Recorded data:
■ ■ ■ ■ ■ ■ ■

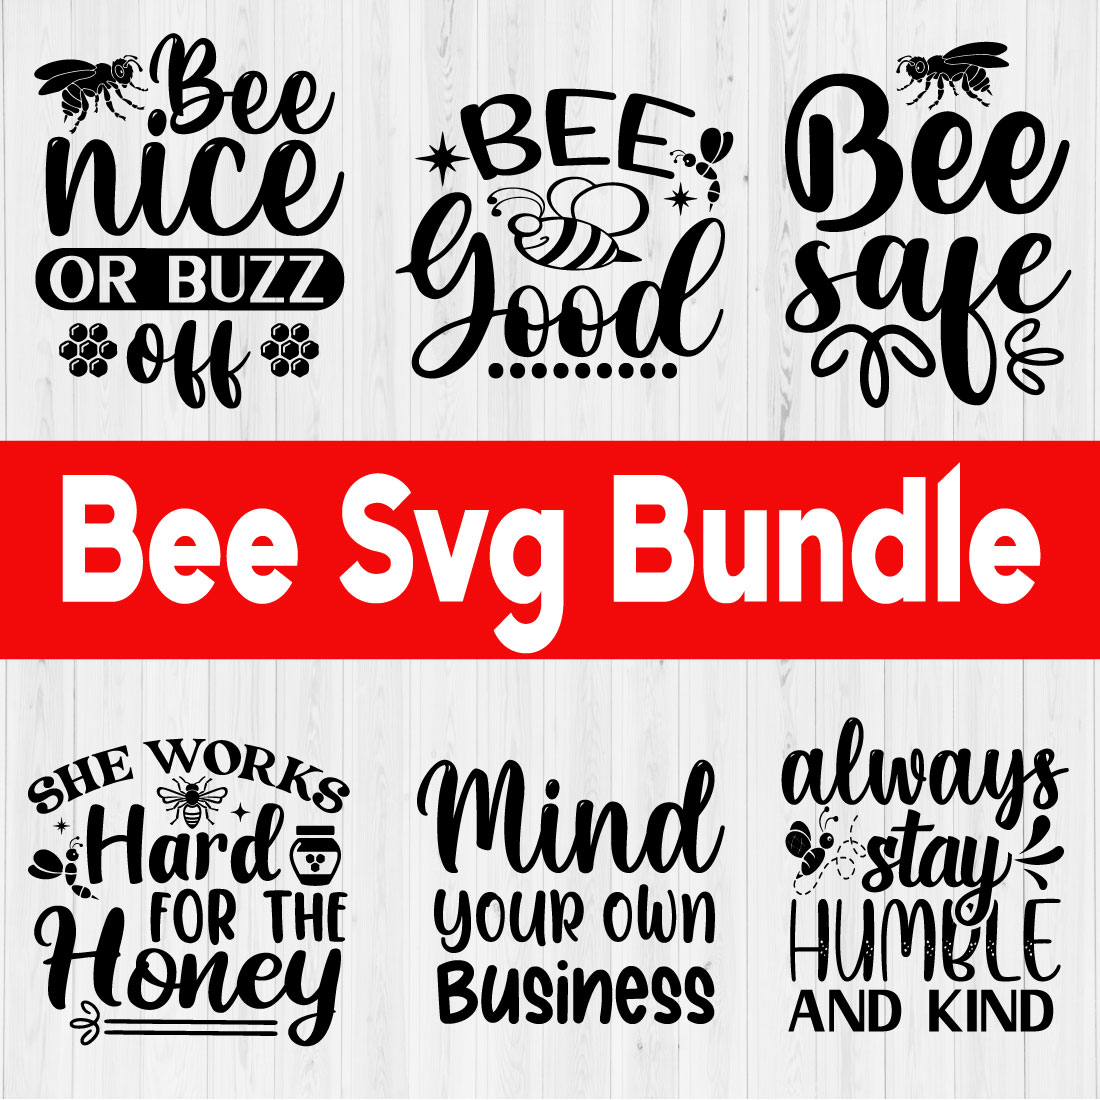 Bee Svg Design Bundle Vol2 cover image.
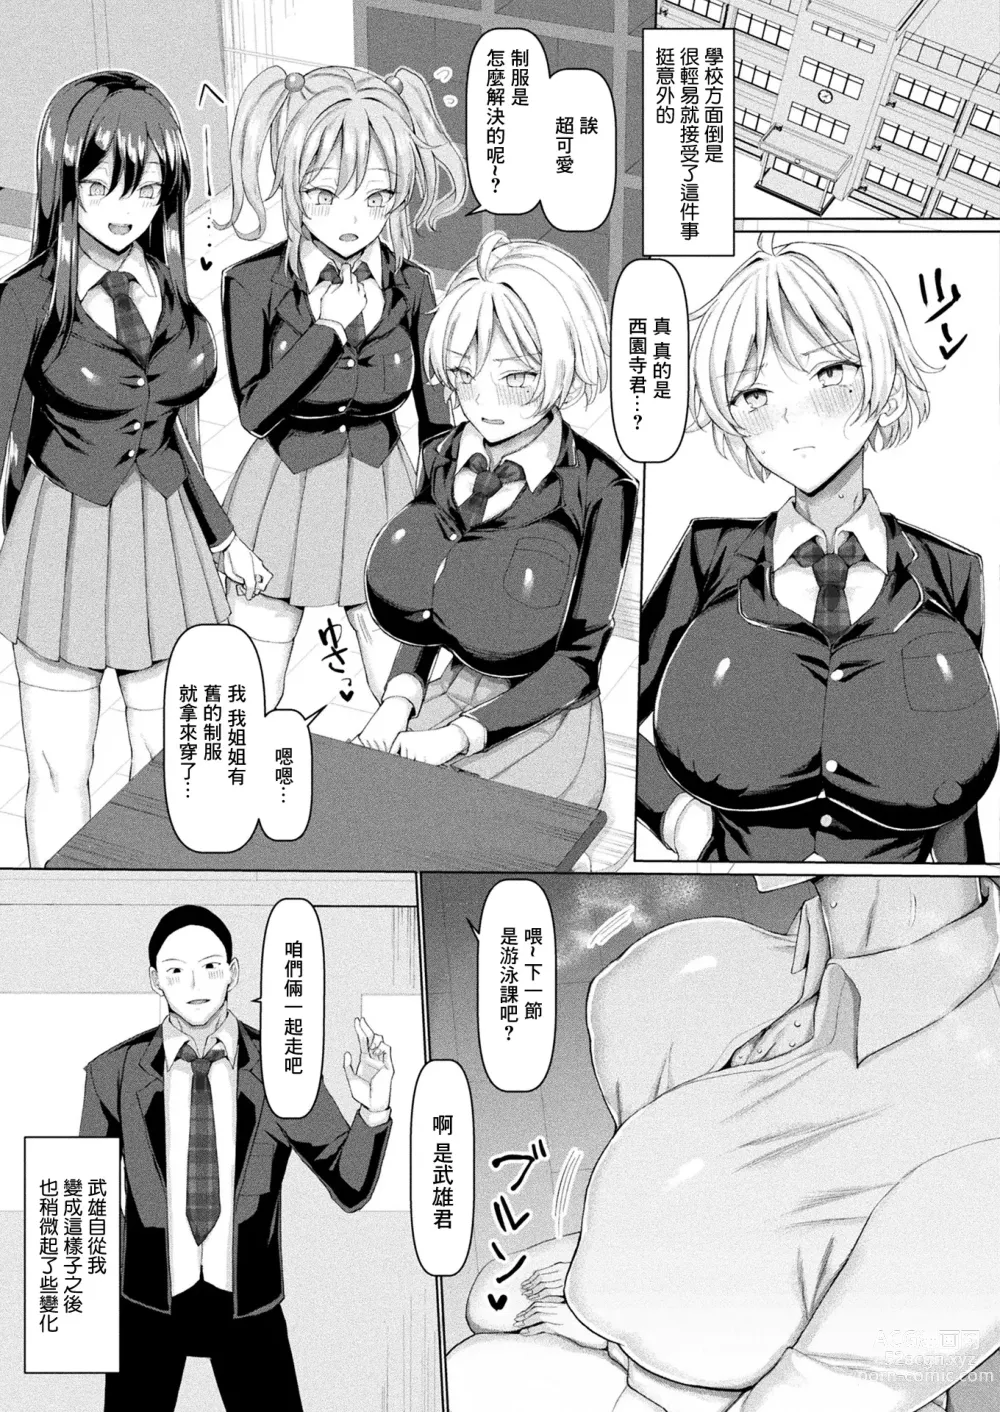 Page 16 of manga Mabudachi Nagachichi Daihenshin
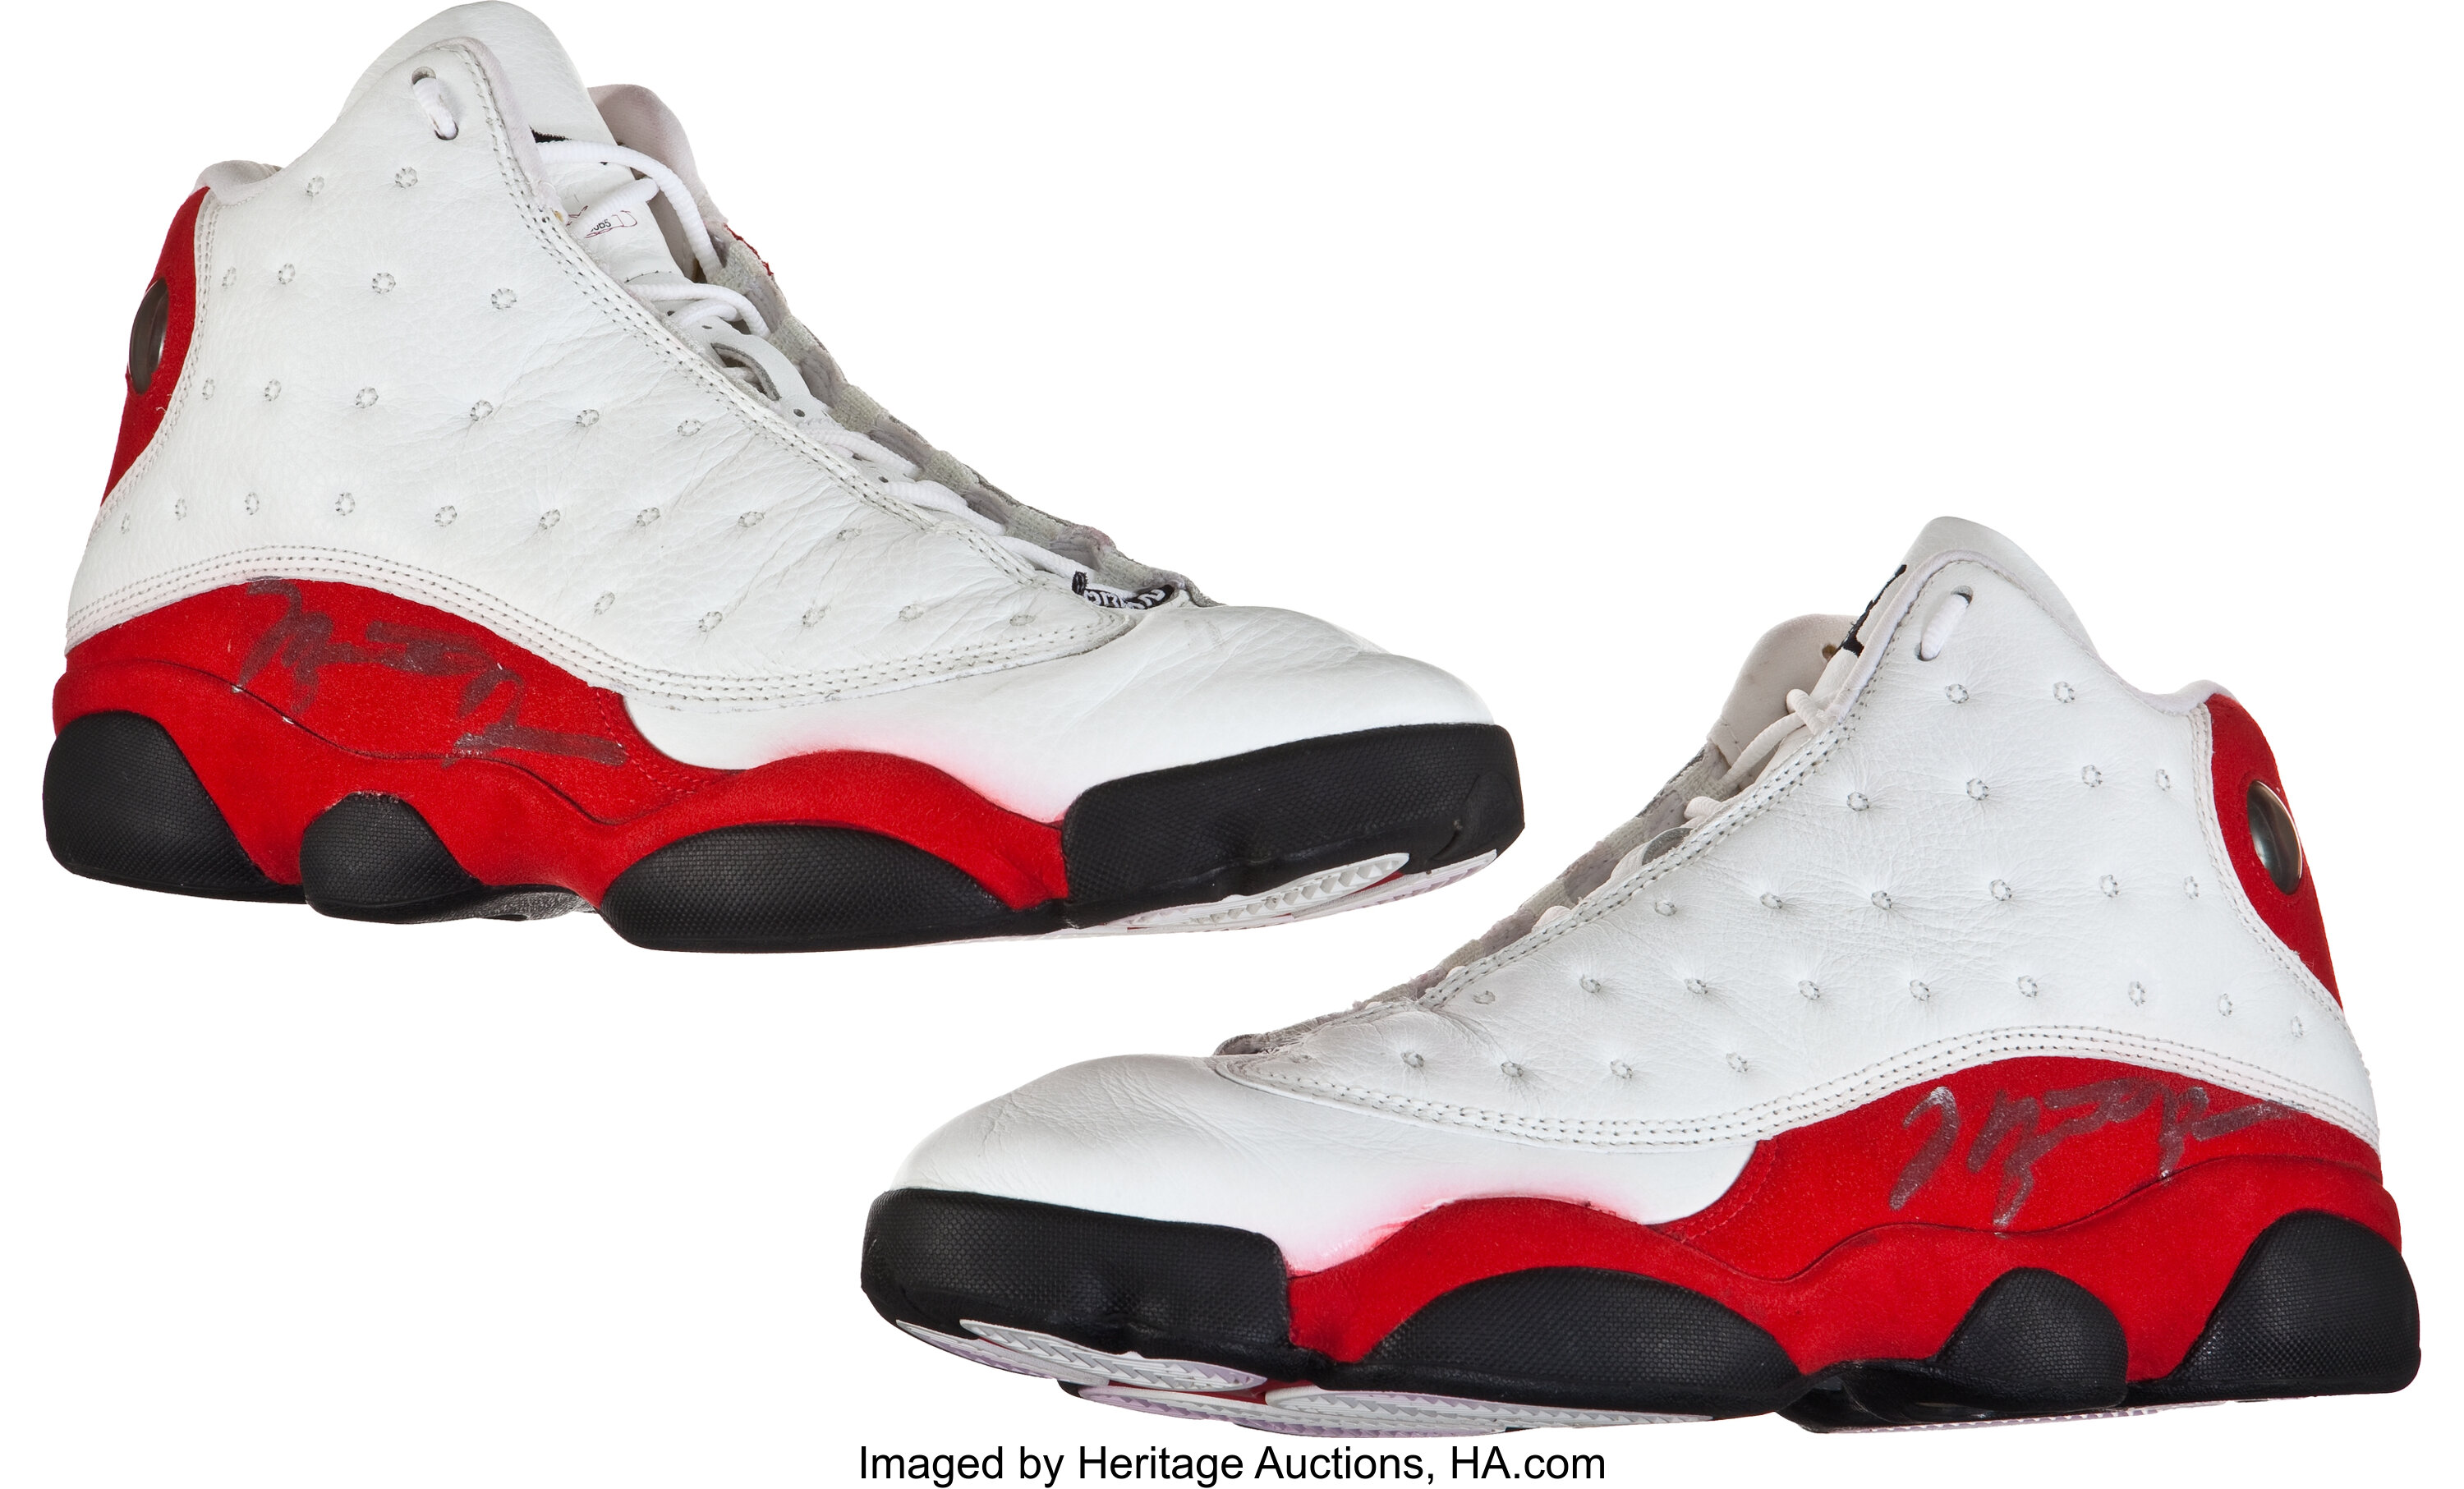 1997-98 Michael Jordan Game Worn, Signed Nike Air | Lot #81420 | Heritage

■ ■ ■ ■ ■ ■ ■

Task brief:
Without the pictures, repeat the listing word for word.

Answer to the exercise:
 Bee Svg Design Bundle Vol2 cover image.
 Page 16 of manga Mabudachi Nagachichi Daihenshin
 1997-98 Michael Jordan Game Worn, Signed Nike Air | Lot #81420 | Heritage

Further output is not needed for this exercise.